- The most carlike truck we know of
- Energetic, refined powertrain
- Strong safety record
- The most comfortable ride in trucks
- Unconventional, ungainly styling
- Expensive, across the board
- Pickup bed is too small for many
The 2012 Honda Ridgeline won't satisfy those who need a real full-size truck, but for those who need hauling on occasion, it offers an interesting alternative.
The Honda Ridgeline hasn't received the warmest of welcomes from the pickup-truck crowd. It's expensive, and since it falls short of true half-ton specs, it's stuck between two worlds--that of mid-size pickups like the Nissan Frontier, and that of inexpensive full-sizers like the appealing new Ford F-150 V-6.
The Ridgeline's awkward looks don't help it woo many new buyers. It's obviously an SUV under the skin, cut down to pickup duty. The angles of its rear pillars, their thickness and the tall rear fenders around the truck bed don't telegraph the same subconscious messages that a Ram 1500 does. It looks smaller, and that usually doesn't sell, in trucks. This year a new Sport model ditches the blocky grille on loan from the Pilot, replacing it with a black honeycomb that's doing its best to subdue the Ridgeline's stubby, bulky front end. Honda's done a much better job crafting a cabin with a more conventional look. The dash layout stacks gauges and controls in rectangular binnacles, and puts big knobs for the climate and audio controls in obvious locations, for easy use with a gloved hand. Inside, the Ridgeline feels more like the Honda of old than some of the Hondas of the new, when it comes to the quality of materials and how they're fitted.
Of all trucks, the Ridgeline's our favorite to drive, but the frays are appearing at the edges of its performance stats. It keeps much of its SUV character and has a wonderful, refined 3.5-liter V-6 that only last year gained a real threat in the form of the new F-150 V-6. Honda's five-speed automatic knocks off shifts quickly and smoothly--but most trucks in the class now offer six-speed automatics. Fuel economy isn't a particular strength anymore, at 15/21 mpg, but handling remains a strong suit, with great ride quality and good steering feel, even with standard all-wheel drive. It's more direct and controlled than the clunky sheetmetal implies.

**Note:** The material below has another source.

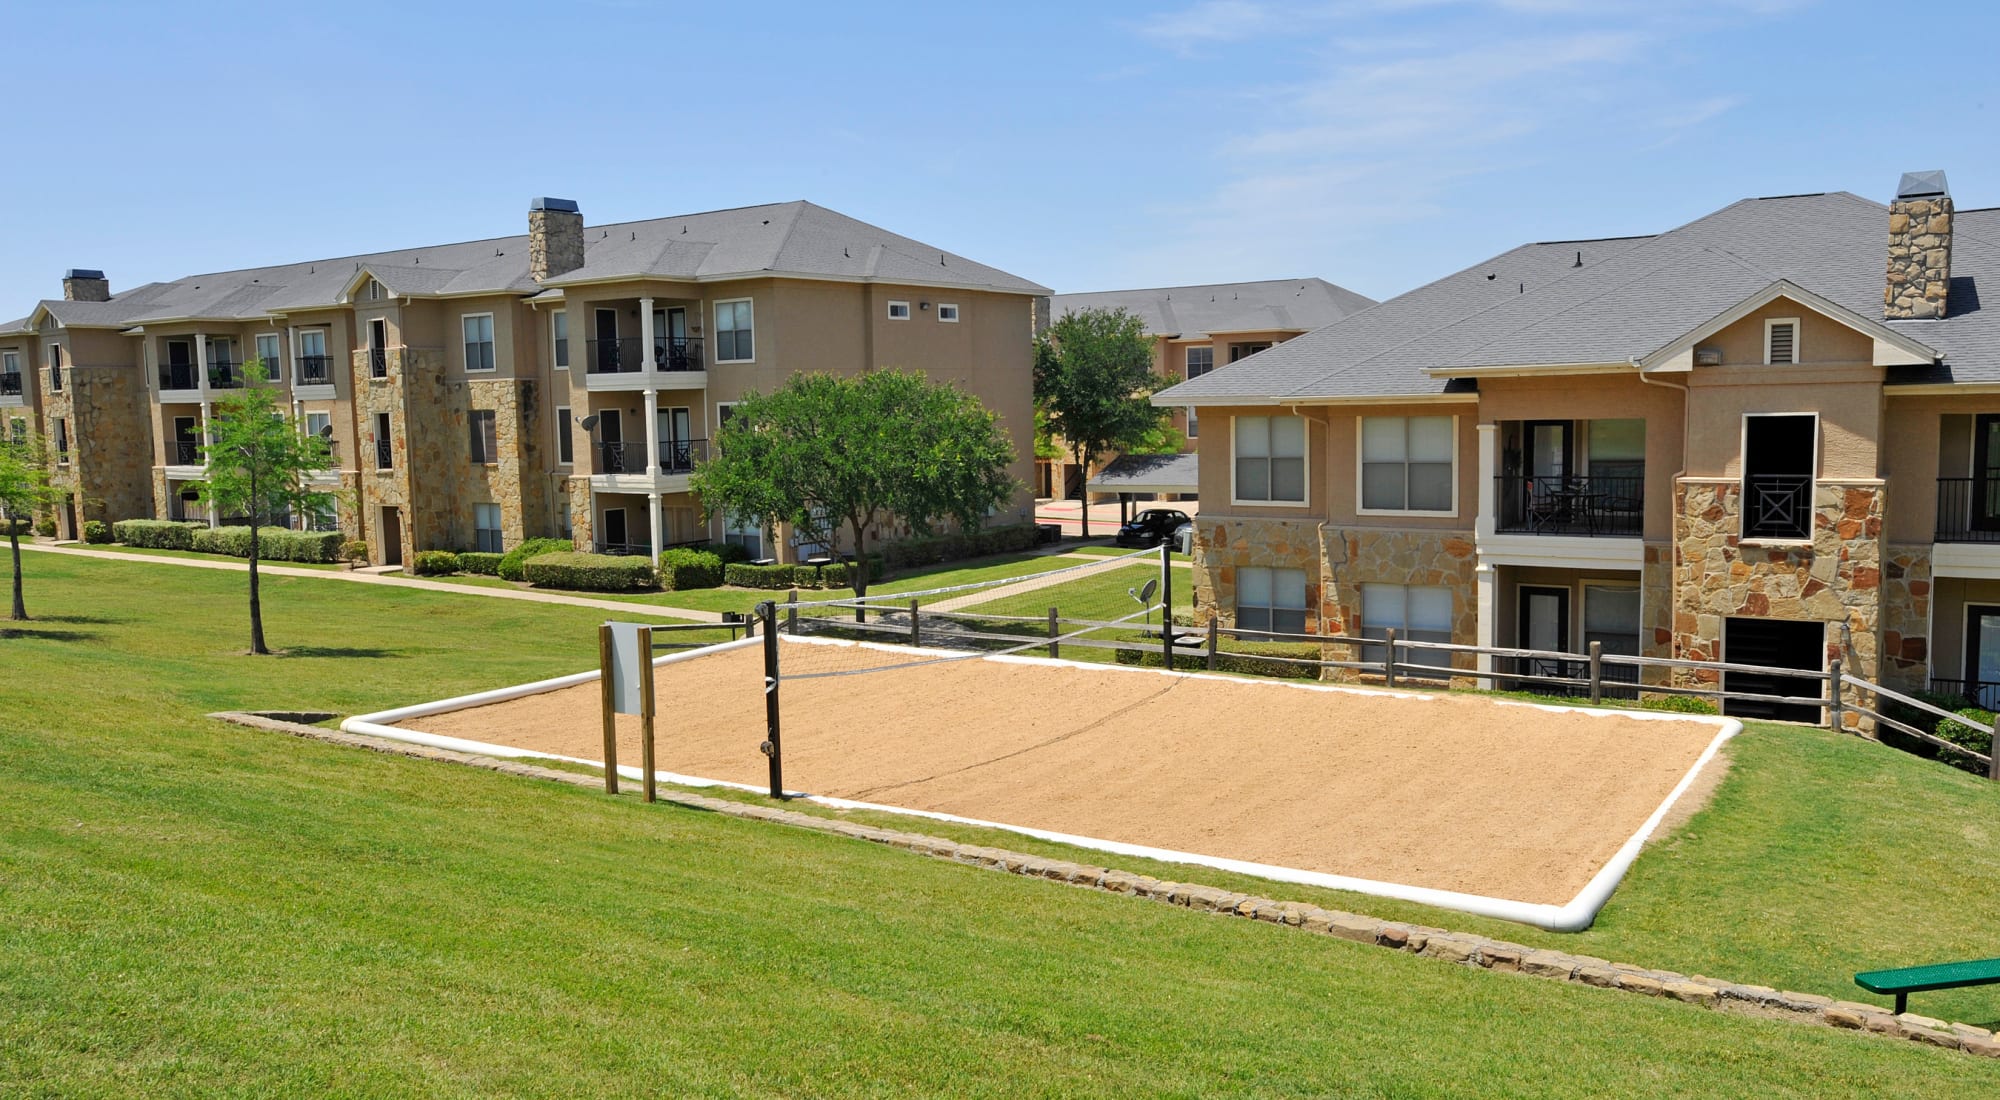 Sand volleyball court at El Lago apartments

At its awkward spot on the full-size truck curve, the Ridgeline is capable of tackling some near-full-size tasks, but it's outfitted only with a five-foot bed which can be fitted with a flip-out extended. The standard-unit 4x8 sheet of plywood won't fit. The Ridgeline also lacks the flexible cargo area found on the larger but more useful Chevrolet Avalanche. The Ridgeline's most clever feature--a sealed cargo bin under the bed floor--makes sense only when the truck bed is empty.
The National Highway Traffic Safety Administration (NHTSA) has revamped how it grades crash-test safety, and while the Ridgeline performed well in the past, it hasn't yet been rated for 2011. Over at the Insurance Institute for Highway Safety (IIHS), the Ridgeline carries over its "good" scores for front and side impact protection--but it loses its Top Safety Pick designation as roof-crush standards aren't available. Bluetooth is available, and so is a rearview camera, which is recommended because the rear fenders block out a lot of the rearward view.
With four trim levels offered, the Ridgeline doesn't come in a single model priced below $30,000, including destination--a big hurdle when inexpensive Ram, F-150 and Silverado/Sierra full-sizers can be found for much less. All Ridgelines have standard air conditioning; power locks/windows/mirrors; cruise control; a power-sliding rear window; and a 100-watt six-speaker CD sound system. Among the options, Honda offers a voice-recognition navigation system with on-the-go Zagat restaurant information and a rearview camera, and satellite radio.
Honda says it's committed to the Ridgeline, which suggests a new one is in the works to replace the six-year-old vehicle. To get more truck buyers to notice, it might have to get more conventional--but as the latest Toyota Tundra has proven, even big-truck street cred doesn't guarantee any more sales. Not when the Ram, F-150 and the Silverado and Sierra are at the top of their game.